In the case of bayʿ al-ʿīnah, the Ḥanafīs, Mālikīs and Ḥanbalīs considered it to be unlawful. On the other hand, the Shāfiʿīs ruled it permissible, but a prominent later scholar from the same school, al-Nawawi, deemed it discouraged (makrūh) (Shaharuddin, 2012). Al-Shāfiʿī did not consider bayʿ al-ʿīnah as a legal trick and he gave priority to the form over its substance because we cannot evaluate people’s hidden intentions. Al-Shāfiʿī treated bayʿ al-ʿīnah as two separate contracts, in which each of them complies with the features of a sale contract. He did not give any weight to the intention of the contracting parties (Al-Zuhailī, 2001).
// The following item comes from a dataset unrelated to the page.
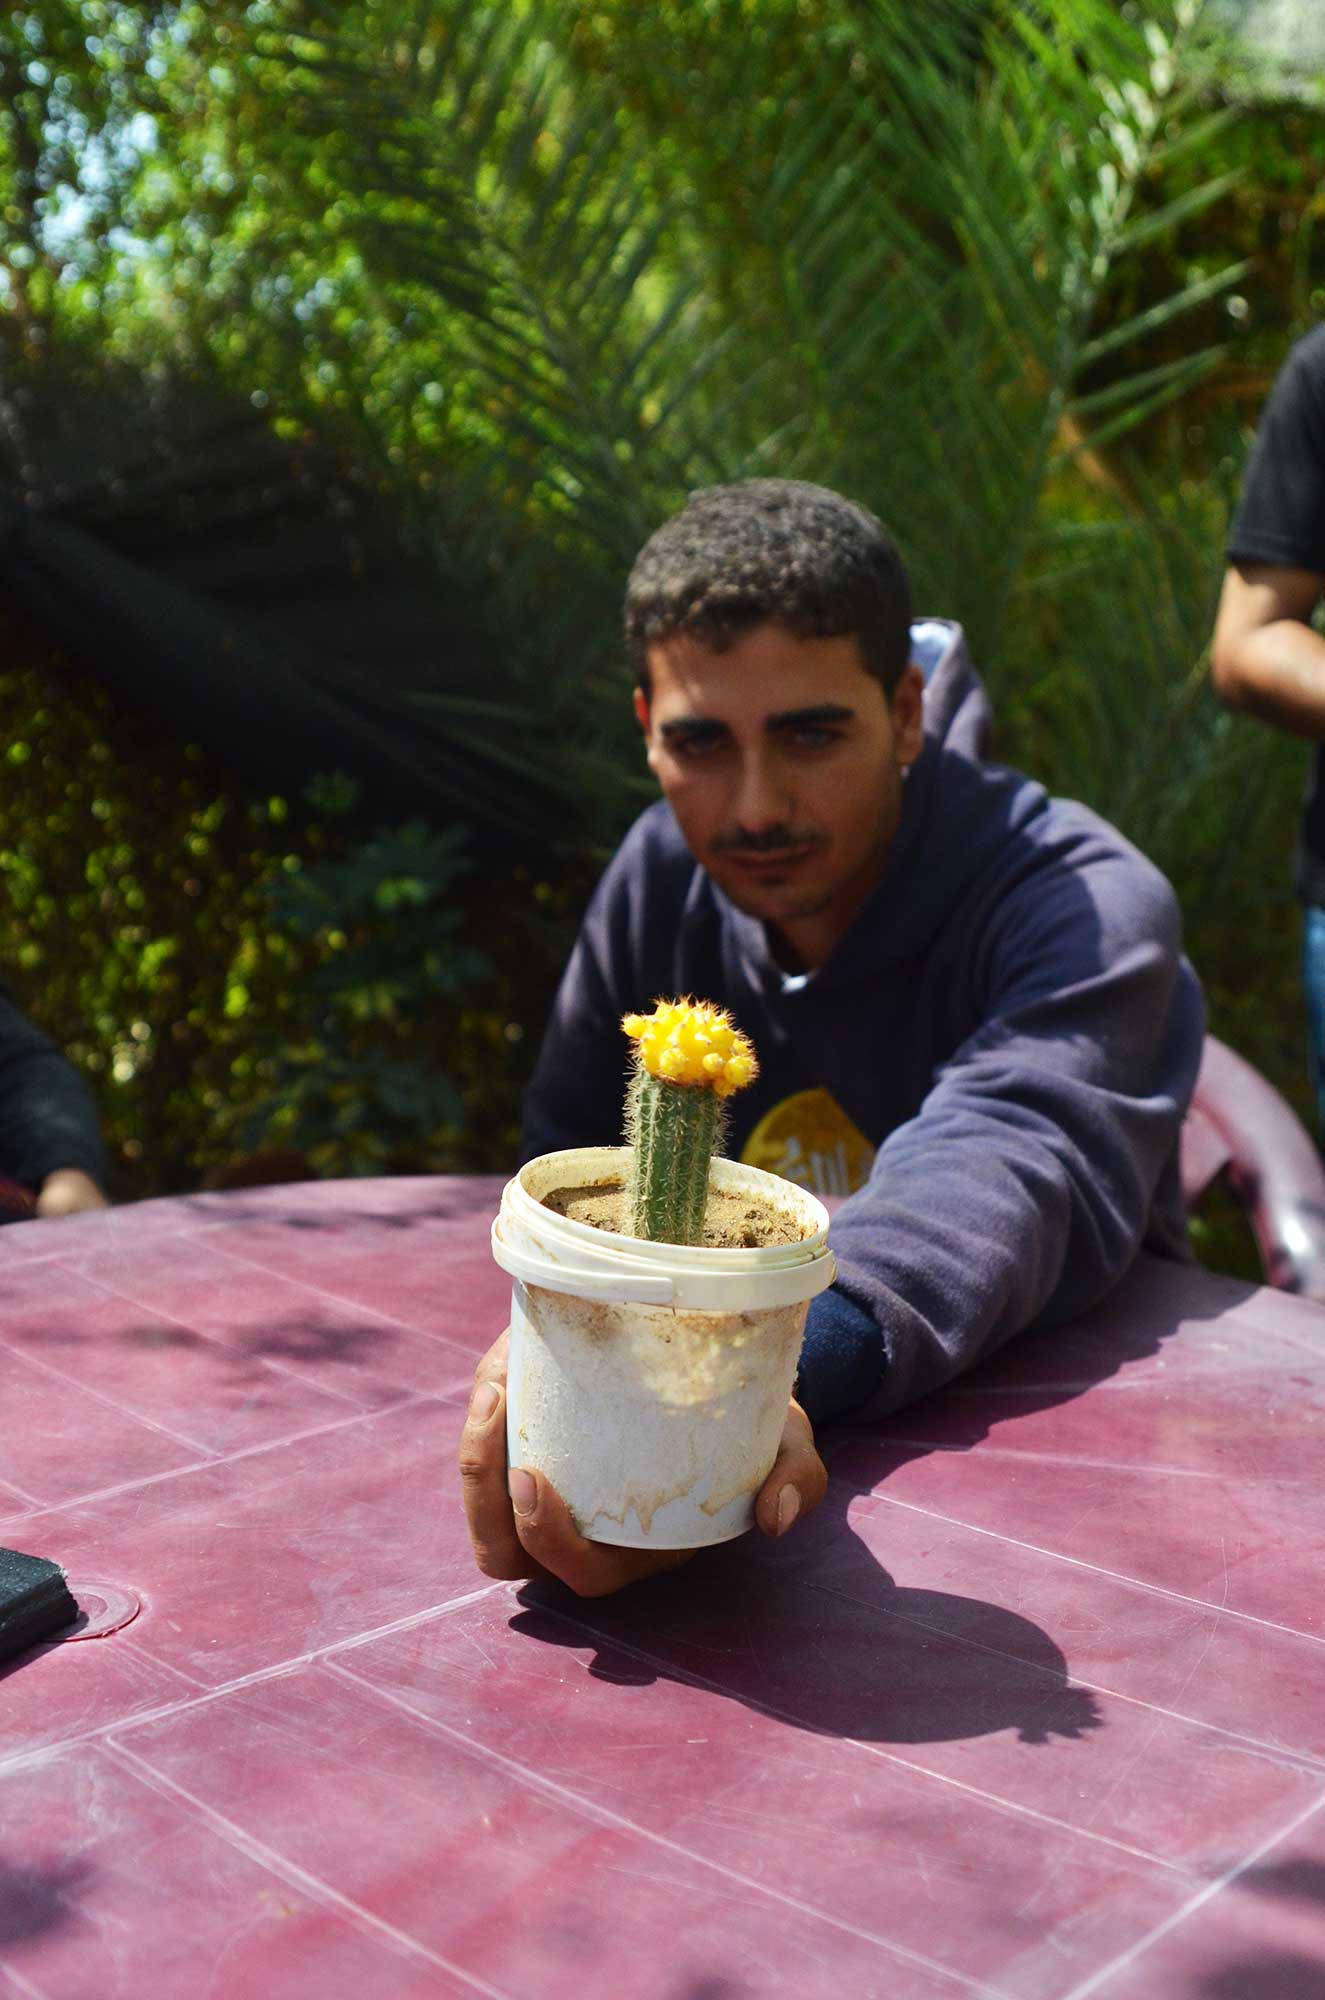 Gaza water shortage doesn't stop Saed's home garden from growing with help from a new water well.

The Mālikī scholar al-Shāṭibī, on the other hand, viewed the application of bayʿ al-ʿīnah as a legal trick to legalise ribā (usury/interest) (Al-Zuhailī, 2001). There is nonetheless no consensus among jurists about the issue of legal stratagem (ḥīlah); it is a matter of debate. Applying a legal trick to an Islamic contract involves separating the substance from the form and creating a substance gap in the contract. Establishing the presence of substance gaps in classical Islamic contracts is dependent on the intentions of the contracting parties. Abozaid (2014) stated that, although the Ḥanafīs were most willing to employ legal stratagems, they did not accept their use in bayʿ al-ʿīnah, supporting the notion that form must match substance. Because the contracting parties intend to lend and borrow money and not to trade, it cannot be permissible.
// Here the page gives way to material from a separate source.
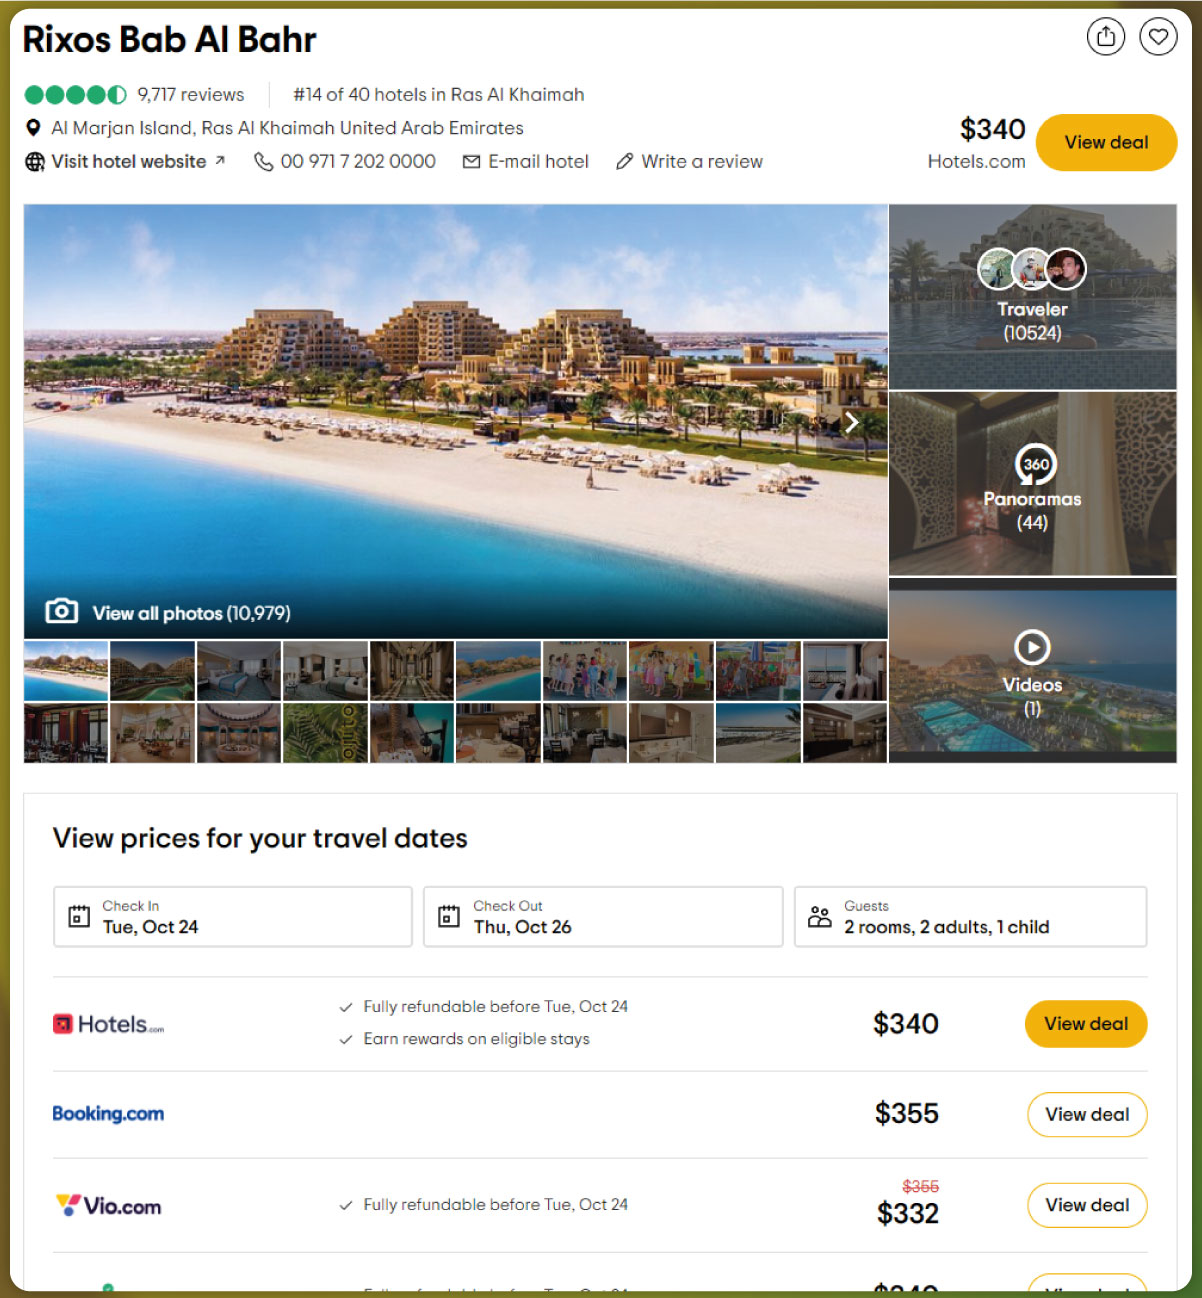 List-of-Data-Fields-You-Should-Consider-to-Scrape-Hotel-Pricing-Data-from-TripAdvisor

A sham contract is one where the contracting parties enter two contracts at the same time – a declared one and a hidden one. The openly declared one fulfils all contracts’ conditions but it does not reflect the actual intention of the two parties, while the hidden one does. A contemporary example of sham contracts is sham marriages in Western Europe and North America. It is a frequent practice among hopeful immigrants, where they enter into fake marriage contracts with nationals of these countries to gain nationality and passports in return for financial rewards. Countries like the UK have developed laws, policies and procedures to weed out such contracts and determine what the true intentions of the marrying couples are. It is usually done in court, and if the sham marriage is proven, the participants face judgments ranging from fines to jail sentences.
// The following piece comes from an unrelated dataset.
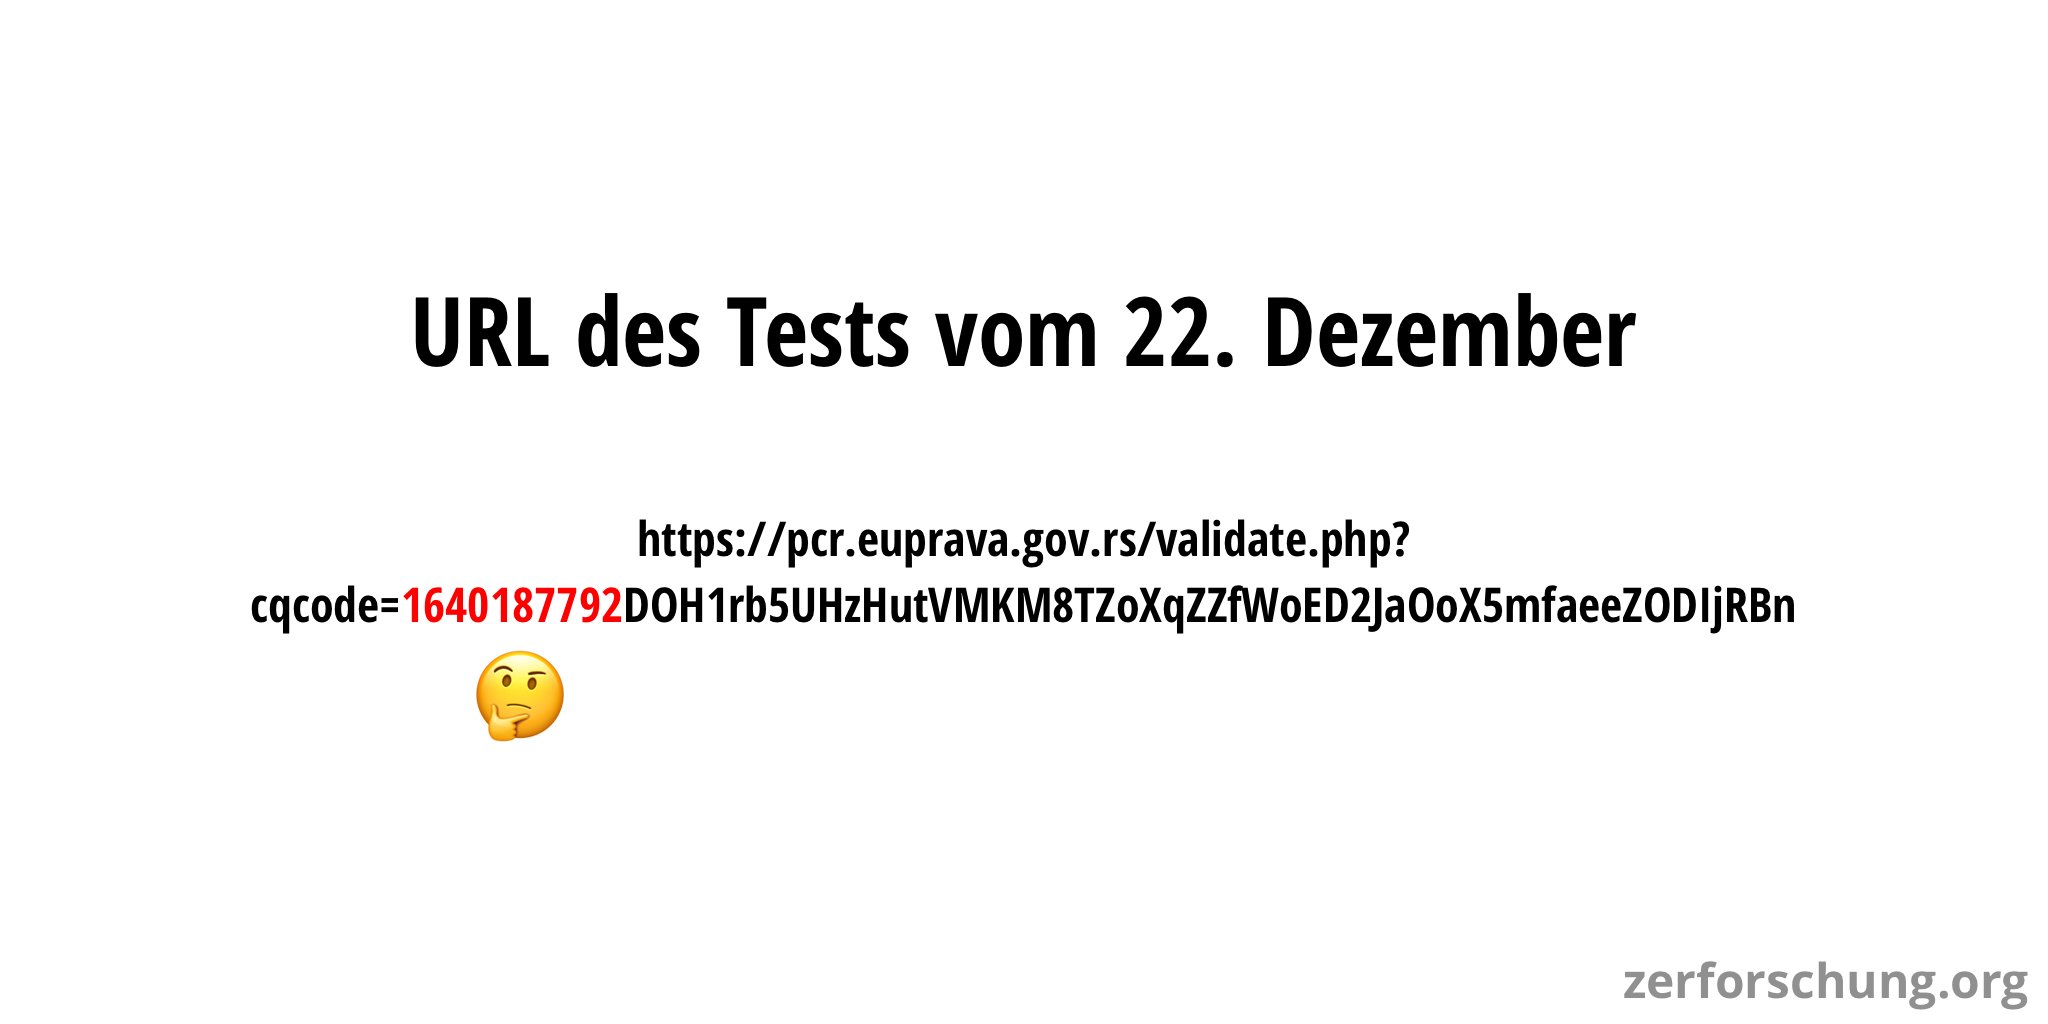 URL to the verification website of the December 22 test, with the timestamp section highlighted

An example of a sham contract from classical literature could be bayʿ al taljiʾah (pre-emptive sale), where a person is forced into entering a sale contract in fear of the authority confiscating or forcibly buying his asset. The appearance of the contract is a sale while the true purpose is the desire to safeguard his asset. It is done by the consent and knowledge of the two contracting parties. There are two positions in classical jurisprudence regarding this type of contract. The first is adopted by the Shāfiʿīs and some of the Ḥanafīs. In the case of a dispute between the two contracting parties, they consider the declared contract to take precedence over the hidden intention (Al-Mawsūʿah, 2007). The second position is adopted by the Ḥanbalīs and Mālikīs. They consider the hidden contract and its intention to take precedence over the declared one as long as there is evidence to support it (Al-Mawsūʿah, 2007).
Accounting perspective on form and substance
International Financial Reporting Standards (IFRS) provide higher weight to economic substance rather than legal form for recognition and measurement purposes of accounting transactions. For instance, in paragraph 4.6 of the International Accounting Standards Board’s (IASB) Conceptual Framework for Financial Reporting (IASB, 2010, p. 26), the preference for economic substance over legal form is expressly mentioned as follows:
In assessing whether an item meets the definition of an asset, liability or equity, attention needs to be given to its underlying substance and economic reality and not merely its legal form.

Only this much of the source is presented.